Генералиссимус! Из вен и цифр
всех убиенных воинов — строка та.
Но если есть Истории Весы,
они запомнят залпы Сталинграда.
А претенденты — пойнтеры на свод
загонов власти — так ль уж на диете?
Ведь грамота террора и свобод
известна тем и тем, и кто тут дети?
А те, кто врал, воруя мясо льва,
и в алкоголя пляске ножкой топал,
VI
их каменная тоже голова
стоит, в ней свищут ветры свалки трупов.
Как лед кладбищ по марту — полубог,
о, сколько лбов над мертвыми поникли,
вот лужица пылает, как плюмбум,
в ней луковицу моют жены пьяниц.
Кто умер, женщина? Сквозь тело вой
твое, как будто роды у буренки.
Зачем лежишь ты, дева, с головой,
что тянешь песню — бечевой бурлацкой?
Я к женщинам неплохо отношусь,
в них пафос есть, и пьют — живым на зависть,
писатель Чехов, женских душ Антон,
их сестрами считал, да умер сам ведь.
VII
Не видите, как женских я у ног
в запретную вошел, безлюбый, область?
Я, говорящий из среды огня,
вы помните ли мой высокий образ?
В тот день морозный, в облаках, а шуб —
моря-меха, а в них краснеют рты тут,
я — голос весь, но отзвука у душ
не светится со щек со слезной ртутью.
В тот день недели вопреки рукам
не делайте из женщин изваяний,
их образ в мраморе — он не кумир,
не красьте рты, не жгите кровь из вен их.

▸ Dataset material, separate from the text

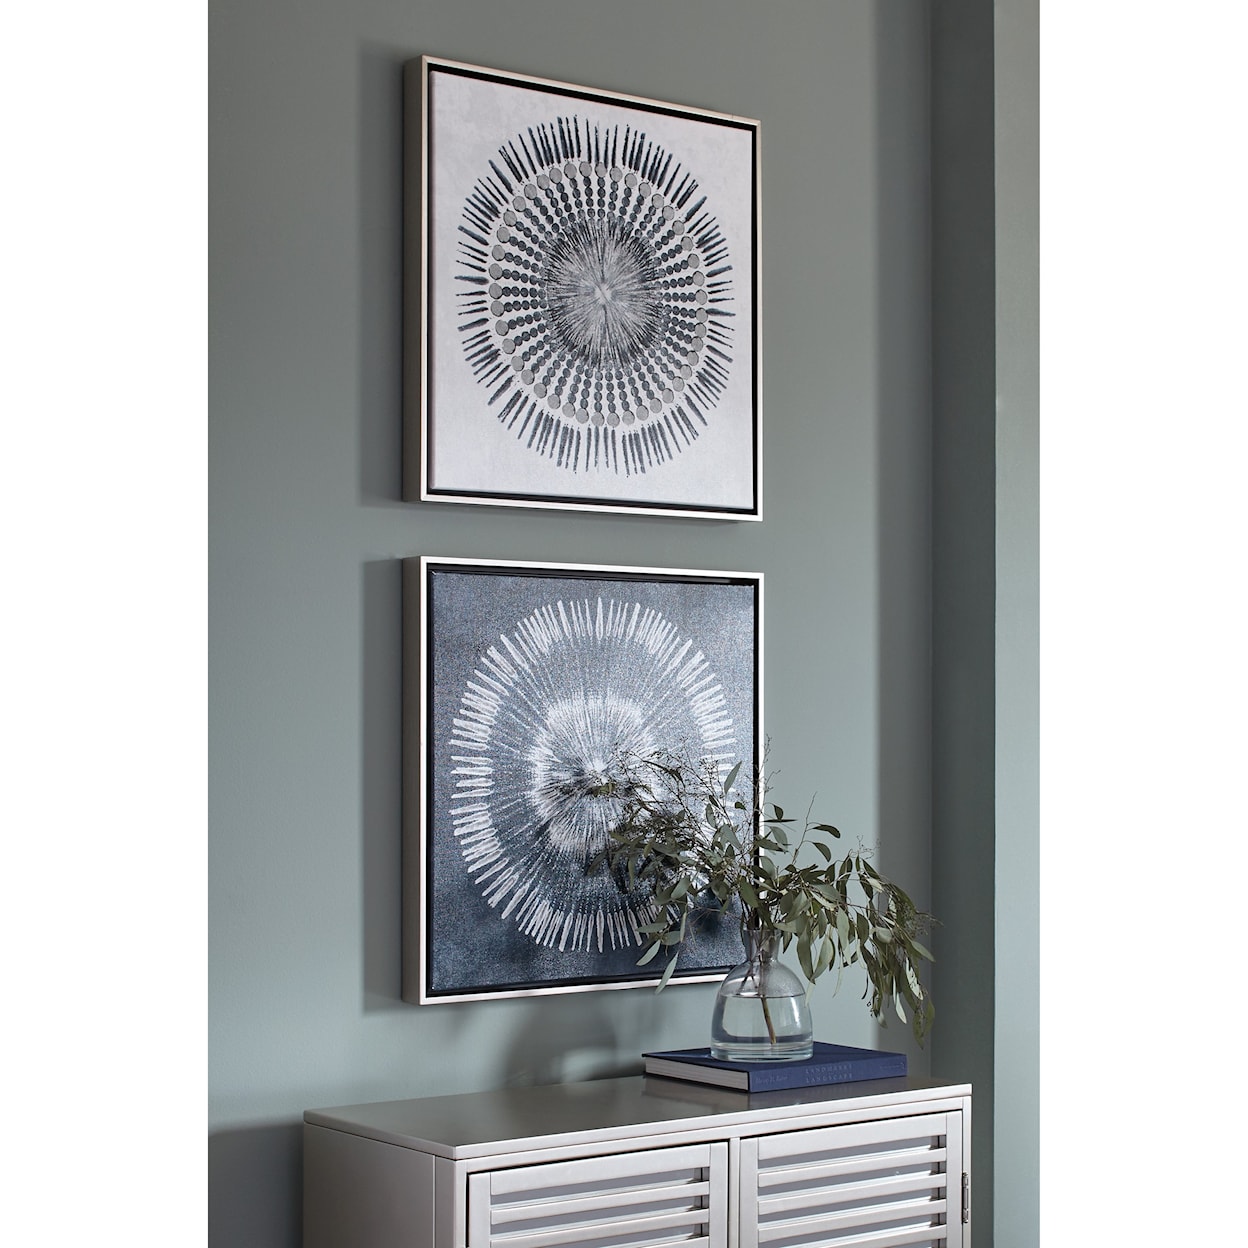 Ashley Furniture Signature Design Wall Art Monterey Blue/White Wall Art Set

Хоть рыба ходит в жизни ниже всех,
ее известность возбуждает зависть…
VIII
Жить без греха — вот самый гнусный грех
мужской. И тут кончаю мысли запись.
В день дунь на рудниках сержант с гвоздем
как век, кует, вбивает в яблок святость,
в день дам, их, пьющих на коленках дегть
в корытцах, как клинические свинки,
в день дур, войдя, рабочий брат-баран
сестру-овцу в заплыве с алкоголью
ударом в зубы вздует, как рабынь,
на жесть положит и зажжет оглоблю…
Но женщина! — на жести вспомнит кос
мытье… Вот: целомудрия ругатель,
я их жалею, пьющих из корытц,
где снимут с ног — хоть похоть б у рубах тех!
IX
Снег, как павлин в саду, — цветной, с хвостом,
с фонтанчиком и женскими глазами.
Рябиною синеет красный холм
Михайловский, — то замок с крышей гильзы!
Деревья-девушки по две в окнах,
душистых лип сосульки слез — годами.
На всех ветвях сидят, как на веках,
толстея, голубицы с голубями.
Их мрачен рот, они в саду как чернь,
лакеи злые, возрастом геронты,
свидетели с виденьями… Но речь
Истории — им выдвигает губы!
Михайловский готический коралл!
Здесь Стивенсон вскричал бы вслух: «Пиастры!»
X
Мальтийский шар, Лопухиной колер…
А снег идет в саду, простой и пестрый.
Нет статуй. Лишь Иван Крылов, статист,
зверолюбив и в позе ревизора,
а в остальном сад свеж и золотист,
и скоро он стемнеет за решеткой.
Зажжется рядом невских волн узор;
как радуг ряд! Голов орлиных злато
уж оживет! И статуй струнный хор
руками нарисует свод заката,
и ход светил, и как они зажглись,
и пасмурный, вечерний рог горений!
Нет никого… И снег из-за кулис,
и снег идет, не гаснет, дивный гений!
XI
Одиннадцать у немцев цифра эльф,
за нею цвельф, и дальше нету цифры,
час по лбу били, и убит был лев,
входили эльфы, выходили цвельфы.
С эльф-цвельфом в шаг и шапкой набекрень,
с шампанским в ртах, — бог боя, берегись сам! —
на новый дом, Михайловский дворец
ведут колонны Пален и Беннигсен.
Что ж Павел пал, бульдожий, одеял
боящийся, убитый с кровью, сиплый?..
Семей сто тысяч войск — на одного!..
Сын с ними, Александр? Узнаем, с ними ль.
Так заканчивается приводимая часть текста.